The statute is still that for foreigners. The language keeps an accent. Jumps of syntax happen little by little during these six years. The non-specialised knowledge on the topic "literature". But you look like one. Mimicry and transparency. The bedroom is white. A single bed. The books pile up. Records. Dictionaries. I prefer that things occupy the space as well. The cat. The cat is not foreign. If it is, it will be by proximity. He was born here. Sometimes I try to invent an origin through my grandparents, but they were so silent about the place where they came from. I keep the silence. And the turntable. Without mimicry. Opaque. An opacity of photography in the eyes. Serious faces or hard smiles. Five years of analysis are enough for them to live on this side. In the language in which the cat meows. That the heart beats. In the language where books pile up on the floor. Records, films, socks and trousers. In a mute language inside a white room. The language in which I wake up, happy. One day after another. The day after the other.
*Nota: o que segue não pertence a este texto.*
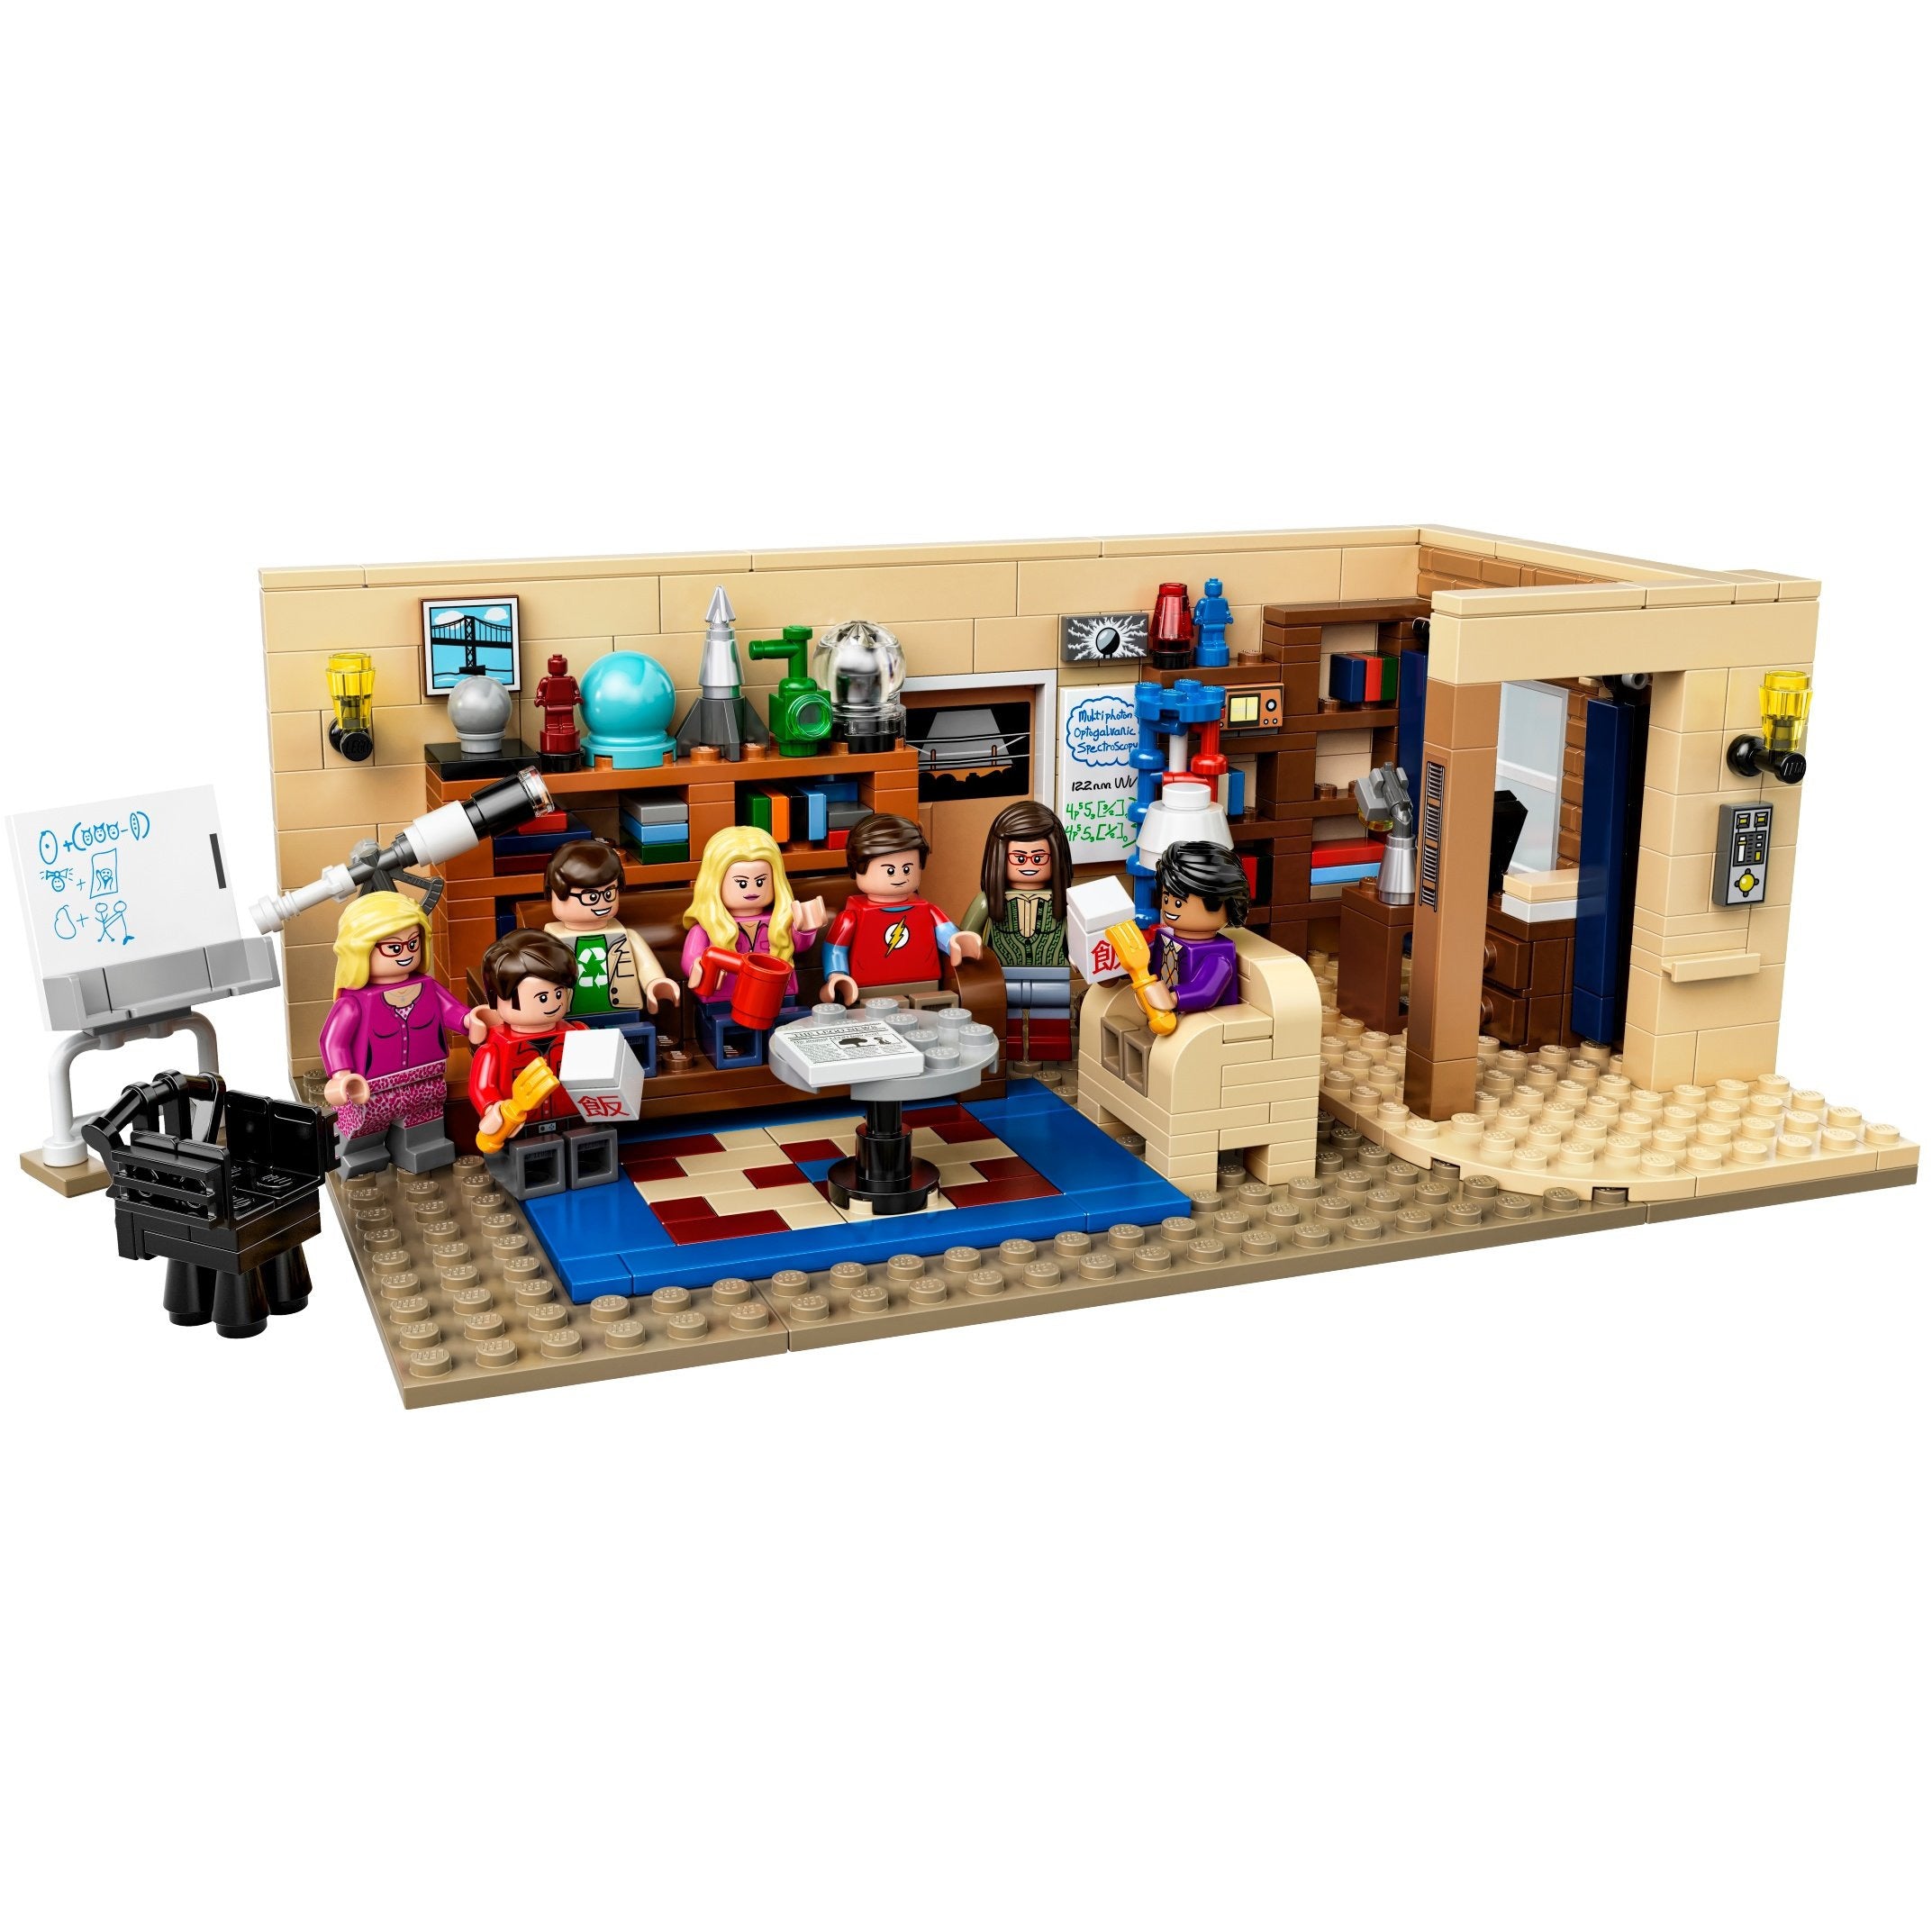 Lego Ideas: The Big Bang Theory 21302

In which language does it move?
Hotel Beatriz
uma paisagem da língua
no final do ano 2017.
a sintaxe torta, agora a árvore
do vinte e três de dezembro,
commuting languages
aos ouvidos palavras piscam
piscam
e, de dentro da luz,
não há orientação –
um feixe-ano branco.
Hotel Beatriz
a tongue’s landscape
at the end of 2017.
the twisted syntax, now the tree
of the twenty-third of December,
commuting languages
words blinking to the ears
blinking
and, from inside the light,
there is no way –
a white year-beam.
Nur Schwarz
I
com o cigarro
eles compartem
uma traqueia ex
-terna aos pés
do inverno – uma
chaminé curva
e imperfeita,
oposta à cisterna.
muda a neve: água
e células aos céus
descem em cores até
um tudo-tão-branco
o campo onde
descalços eles
ainda fumam
sem flores.
II
a cidade desertada, Noel.
eles – quase, ainda não, mas – eles
se sustentam nas cicatrizes –
abaixo do lábio inferior –
no seio direito e no alto do abdômen.
o silêncio e a cidade ainda mais
deserta são soprados: Heimat
III
Witz-voltagem,
o corpo em voltz
salta da página
à piscina: crawl
nada soletra
os ombros as mãos
e pessoas passam
batem com os pés
a rua do comércio
crowded e as vitrines
nas vitrines: piada-
pronta – para viagem
ou outro salto –
o dia partido ao meio:
desigual, em raio.
Eduardo Jorge
Translated by Virna Teixeira and Edward Leek
Nur Schwarz
I
with the cigarette
they share
a drag ex
-ternal to winter’s
feet – a crooked
and imperfect
chimney,
opposite the tank.
the snow changes: water
and cells to the skies
come down in colours to
the all-so-white
the field where
barefoot they
still smoke
without flowers.
II
the deserted city, Noel.
they – almost, not yet, but – they
survive on the scars –
below the lower lip –
in the right breast and in the upper abdomen.
the silence and the city even more
deserted are whispering: Heimat
III
Witz-voltage,
the body in voltz
jumps off the page
into the swimming pool: crawl
nothing spells
the shoulders the hands
and people pass
stopping their feet
the high street
crowded and windows
in the shop windows: a ready-made
joke – take away
or another jump –
the day split in half:
unequal, in flashes.
Eduardo Jorge de Oliveira fotografa e escreve poemas e ensaios. Publicou os livros de poemas: San Pedro (2004), Espaçaria (Lumme Editor, 2007), Caderno do estudante de luz (Lumme Editor, 2008), Pá, pum (com Lucila Vilela, 2011), Como se fosse a casa – uma correspondência (com Ana Martins Marques, Relicário, 2017) e Teoria do Hotel (Demônio Negro, 2018, no prelo). Vive entre Paris e Zurique.
Eduardo Jorge de Oliveira is a photographer, poet and essayist. He has published the books of poems: San Pedro (2004), Espaçaria (Lumme Editor, 2007), Caderno do estudante de luz (Lumme Editor, 2008), Pá, pum (com Lucila Vilela, 2011), Como se fosse a casa – uma correspondência (with Portuguese poet Ana Martins Marques, Relicário, 2017) and Teoria do Hotel (Demônio Negro, 2018, in press). He lives between Paris and Zurich.